I...heard that they are making a sequel about the resurrection.

 

True.

 

 

6 hours ago, Mr. Who said:

...is it much more graphic and violent?

 

Yes, and no.

It depends on what one defines as "violent".

TOTAL RECALL (1990) is violent, but I do not regard THE PASSION OF THE CHRIST as violent, in the same way. In The Roman Empire, what happened to Jesus, was, more or less, the standard punishment. They had crucifixion; we have electrocution, or lethal injection.

Of course, the circumstances of his death were completely different...

If Gibson was trying to set out to educate the audience as to what exactly happened, from a forensic point of view, then he succeeded, admirably.

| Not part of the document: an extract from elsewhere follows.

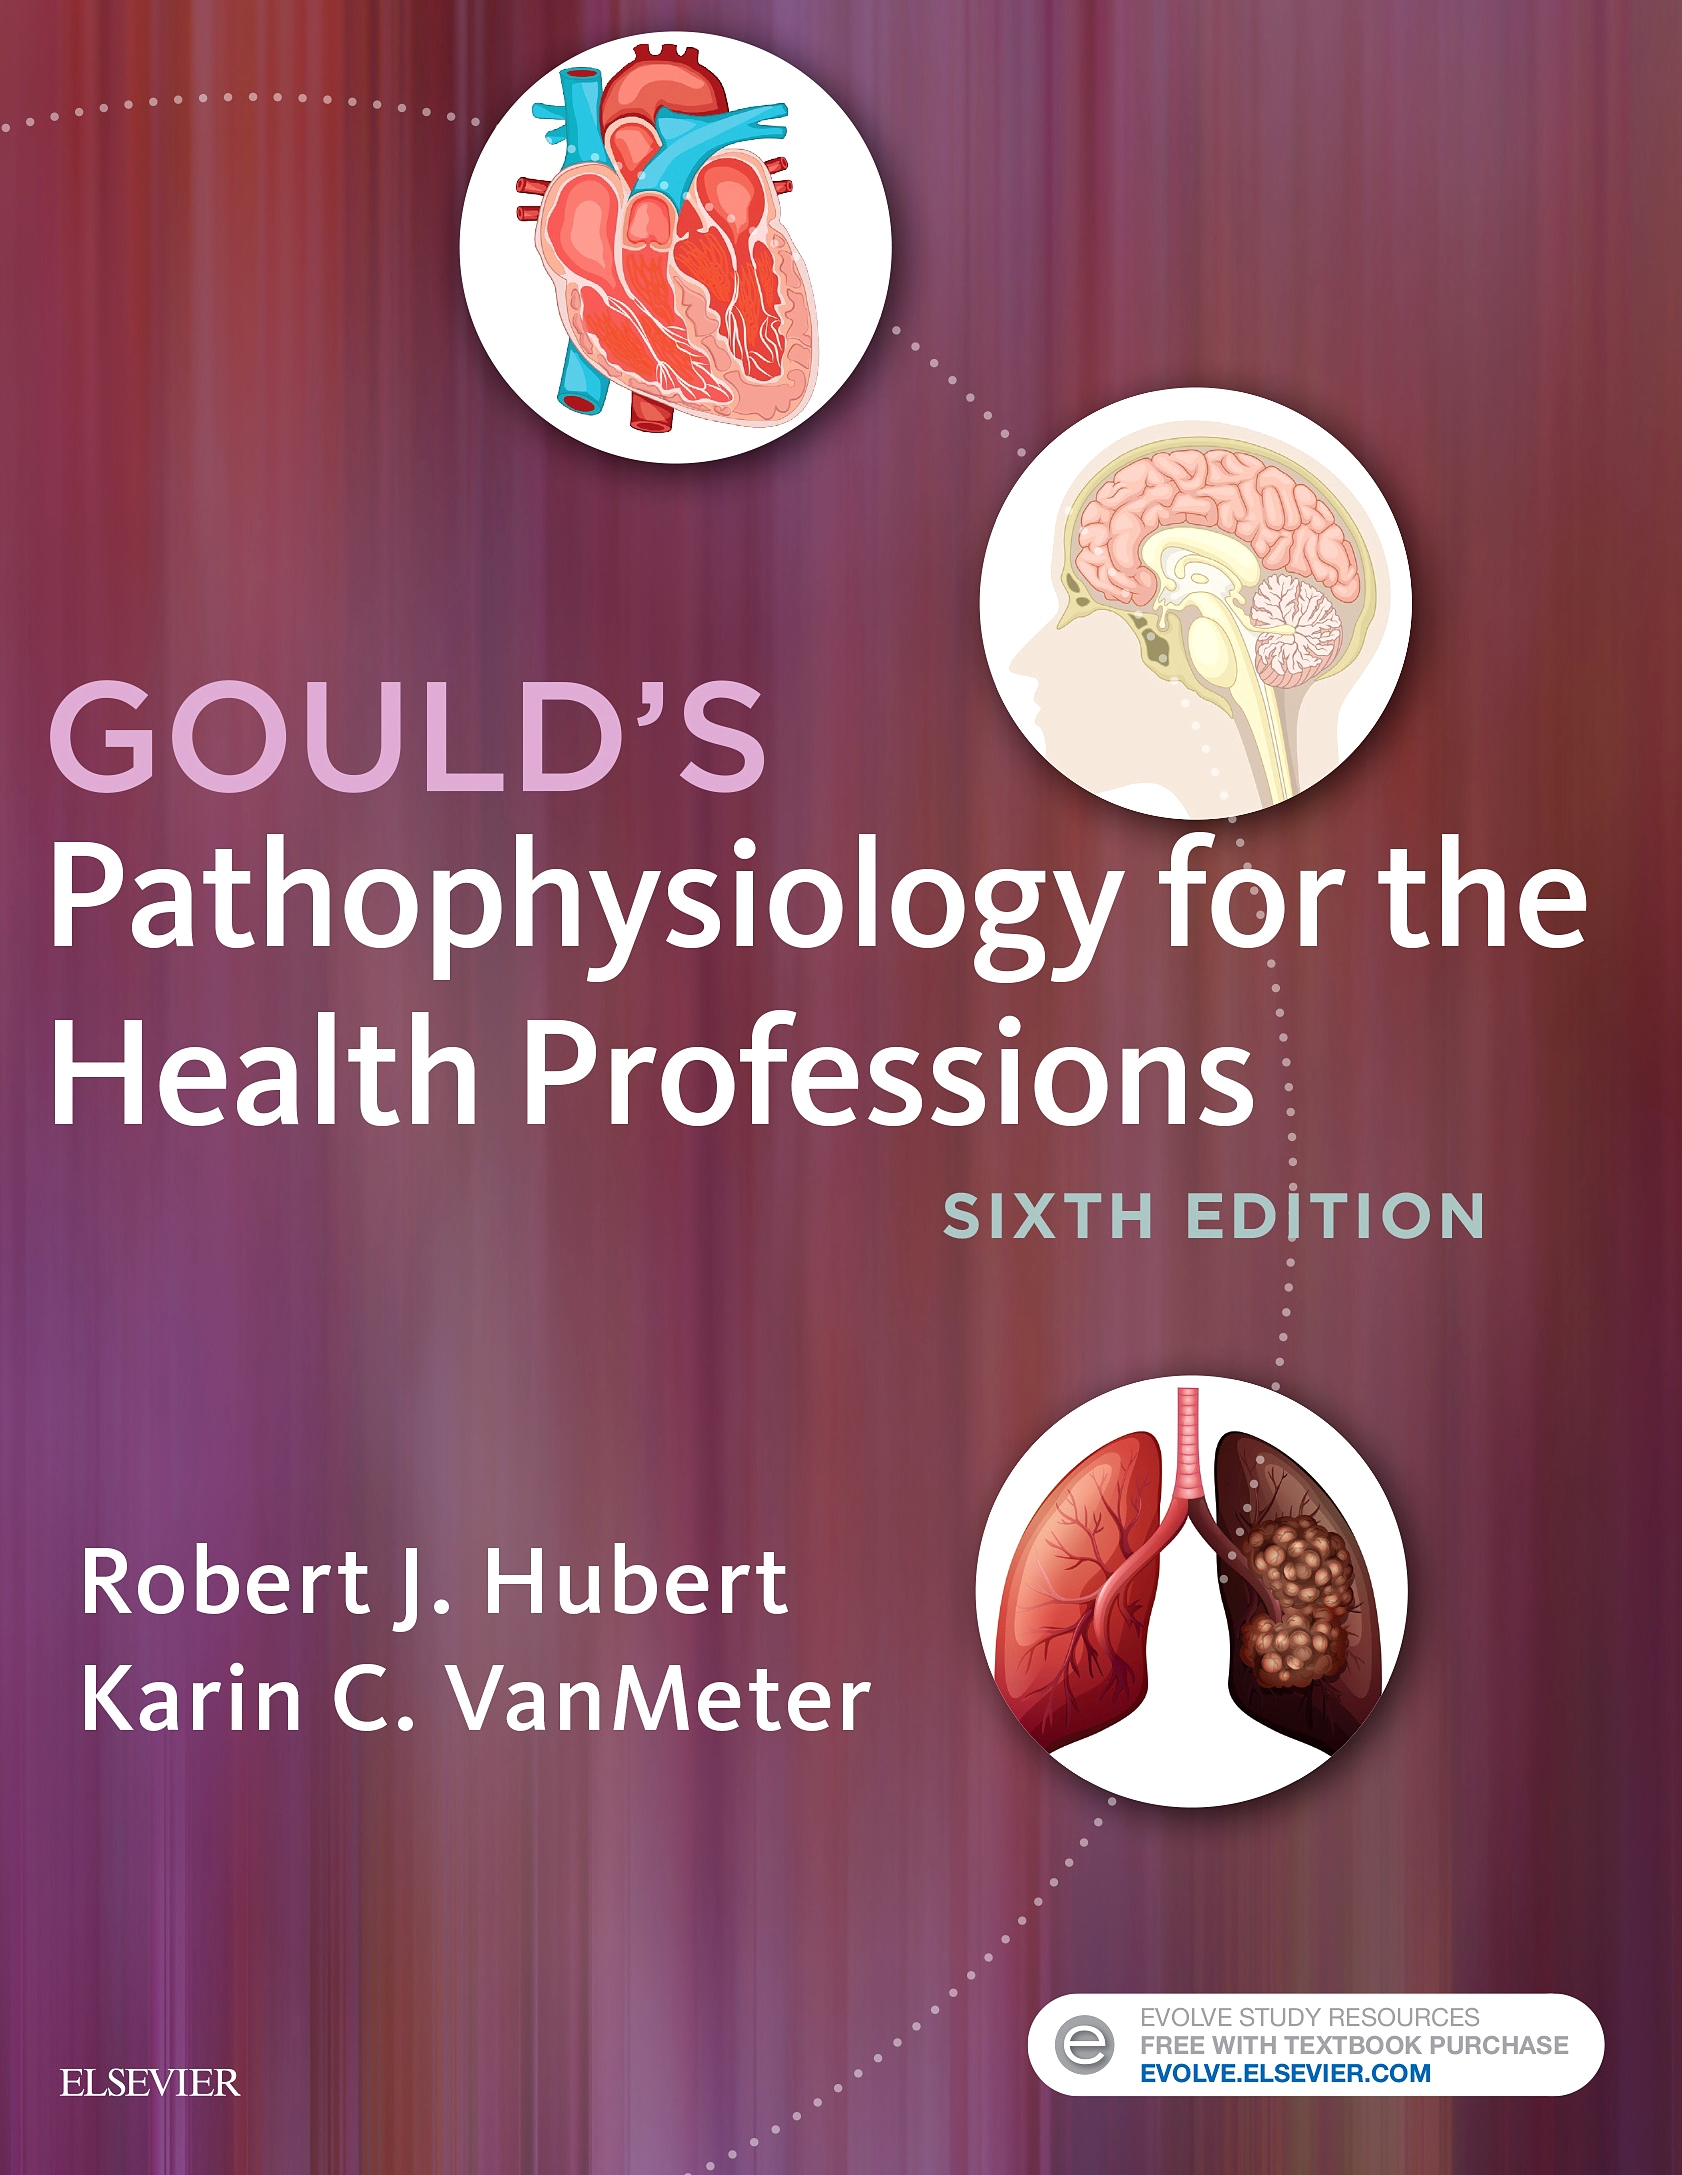 Evolve Resources for Gould's Pathophysiology for the Health Professions, 6th

Where he is less successful, is in attempting to elicit an emotional response to what one is watching, due to the almost ultra-graphic nature of what's on screen.

The film is heavy-handed, and rather naïve, if it expects the audience to be party to a man's torture and execution, and still be moved, in a positive sense, by it. For that, the violence needs to be dialed down. When it comes to this film, less would definitely have been more, but that would belie the point of the film.

There are many different filmed versions of the life, work, arrest, trial, torture, crucifixion, death, and resurrection of, Christ, that leave me in tears. THE PASSION OF THE CHRIST is not one of them. That doesn't mean, however, that it is not a good, nor interesting, film. It is both.

Like a lot of films about Christ, it is what goes on in the background of THE PASSION OF THE CHRIST (the betrayal, the flashbacks, the politics), which interest me more. That Gibson chooses to make the torture front and centre, is a brave move. It doesn't wholly come off, but at least he tried an alternate take on events, and for that, he deserves kudos.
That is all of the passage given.